To identify clinical and respiratory features associated with progression to respiratory failure and to examine patterns of respiratory decline in patients with severe GBS.
Tertiary care hospital.
One hundred fourteen consecutive patients with severe GBS admitted to the intensive care unit between January 1, 1976, and December 31, 1996.
Main Outcome Measures
Early markers of impending respiratory failure, requirement for mechanical ventilation, and patterns of respiratory decline.
The clinical and electrophysiologic features of 60 patients receiving mechanical ventilation were compared with 54 patients with severe GBS who did not receive mechanical ventilation. Daily preventilation maximal inspiratory and maximal expiratory respiratory pressures and vital capacity were analyzed. Multivariate predictors of the necessity for mechanical ventilation were assessed using logistic regression analysis.
Progression to mechanical ventilation was highly likely to occur in those patients with rapid disease progression, bulbar dysfunction, bilateral facial weakness, or dysautonomia. Factors associated with progression to respiratory failure included vital capacity of less than 20 mL/kg, maximal inspiratory pressure less than 30 cm H2O, maximal expiratory pressure less than 40 cm H2O or a reduction of more than 30% in vital capacity, maximal inspiratory pressure, or maximal expiratory pressure. No clinical features predicted the pattern of respiratory decline; however, serial measurements of pulmonary function tests allowed detection of those at risk for respiratory failure.

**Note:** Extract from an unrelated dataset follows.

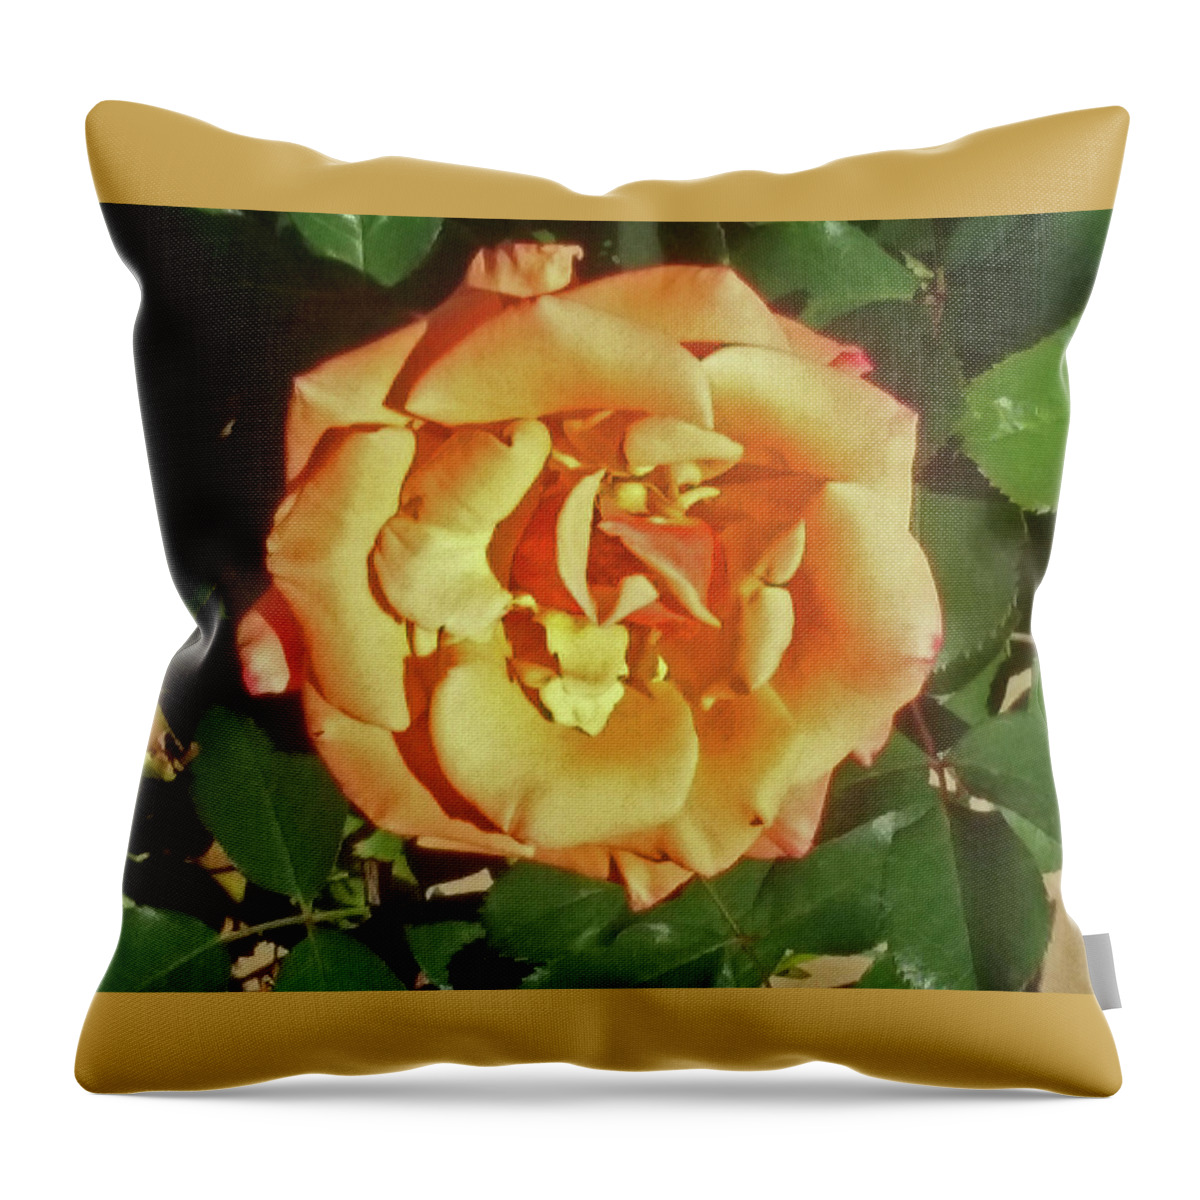 Flower Throw Pillow featuring the photograph Buttercream Rose For Your Valentine by Jay Milo

While inherently unpredictable, the course of patients with severe GBS can, to some extent, be predicted on the basis of clinical information and simple bedside tests of respiratory function. These data may be used in the decisions regarding admission to the intensive care unit and preparation for elective intubation.
THE MANAGEMENT of patients with Guillain-Barré syndrome (GBS) can be intimidating. The unpredictable course and potential for rapidly producing life-threatening respiratory failure may prompt admission to an intensive care unit (ICU). However, it is clearly unnecessary to transfer every patient with GBS to the ICU based on the potential for deterioration alone. At present, only limited data are available to provide guidance in this situation. Although many studies have identified factors that are associated with the need for ventilation (severe generalized weakness, bulbar involvement, or rapid disease progression), these factors were variably analyzed prior to intubation.1-5 It is, therefore, difficult to know how to use this information in the assessment of a patient before the point of respiratory failure as many of the clinical findings identified may have occurred after intubation.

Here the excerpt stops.